[openib-general] Re: FW: [PATCH 1 of 3] mad: large RMPP support

Thu Feb 9 15:46:54 PST 2006

Quoting r. Sean Hefty <mshefty at ichips.intel.com>:
> Subject: Re: FW: [PATCH 1 of 3] mad: large RMPP support
> 
> Roland Dreier wrote:
> >My rule of thumb is that we shouldn't rely on being able to allocate a
> >contiguous buffer bigger than 4 KB, but assuming we can allocate 4 KB
> >is fine.  4 KB is the lowest page size of any real architecture, and
> >if the kernel is out of free pages then any allocation is likely to
> >fail.  Allocations of larger buffers may fail because of memory
> >fragmentation, even with plenty of free memory.
> >
> >That is: a 4 KB buffer is fine.
> 
> Given this, I think that we'll need to go with the linked list then.  Maybe 
> something like:
> 
> struct ib_mad_segment {
> 	struct list_head list;
> 	u8 data[0];
> };
> 
> struct ib_mad_send_buf {
> 	...
> 	void		*mad;	/* first segment */
> 	struct list_head rmpp_list;
> 	u32		 segment_size;
> 	...
> };

Given that the last segment has a different size, it seems cleaner
to just keep the segment size part of ib_mad_segment structure.
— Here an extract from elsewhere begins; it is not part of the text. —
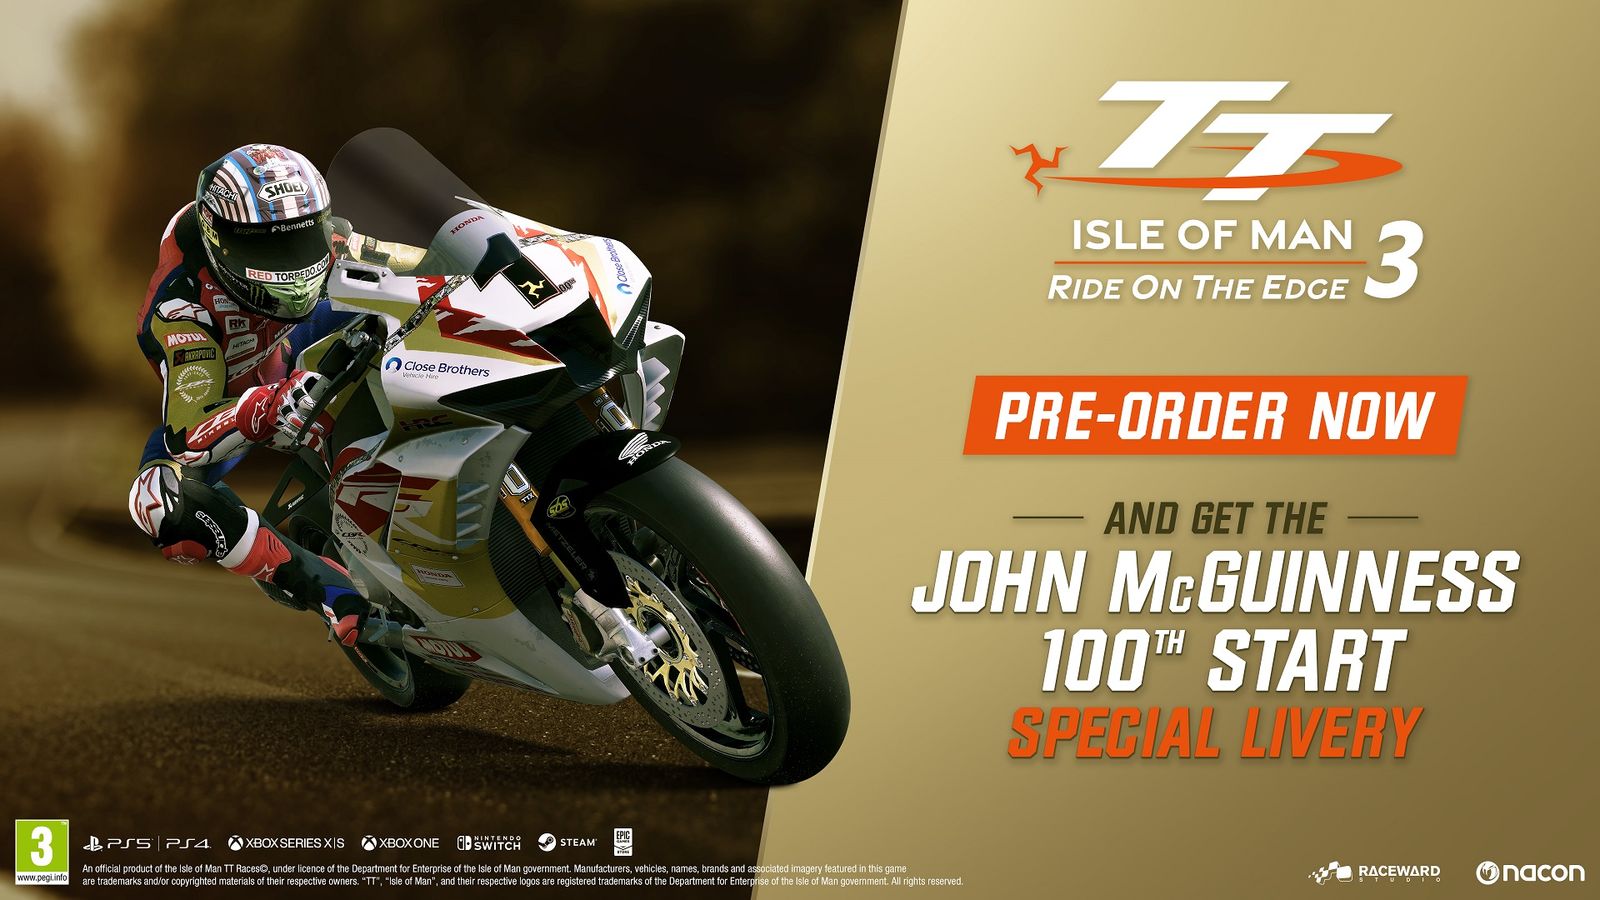 TT Isle of Man Ride on the Edge 3 pre-order bonus John McGuinness 100th Start Special Livery

> I'm undecided about whether all MADs should use the rmpp_list, with *mad 
> referencing the data of the first segment.  This keeps the code consistent, 
> but would result in the first segment being larger (256-bytes) than 
> additional segments (say 220-bytes).

I dont htink its a good idea.
Recall that when you send segments starting from the second one,
you need the header from *mad. So this gets ugly very quickly.

> Users could then walk the list of buffers without calling a routine that 
> needs to start at the beginning of the list every time.
> 
> - Sean

On the other hand, it makes sense to keep the single mad case
as simple as possible. So that's a good reason to have the rmpp list
include segments starting from the second one.

-- 
Michael S. Tsirkin
Staff Engineer, Mellanox Technologies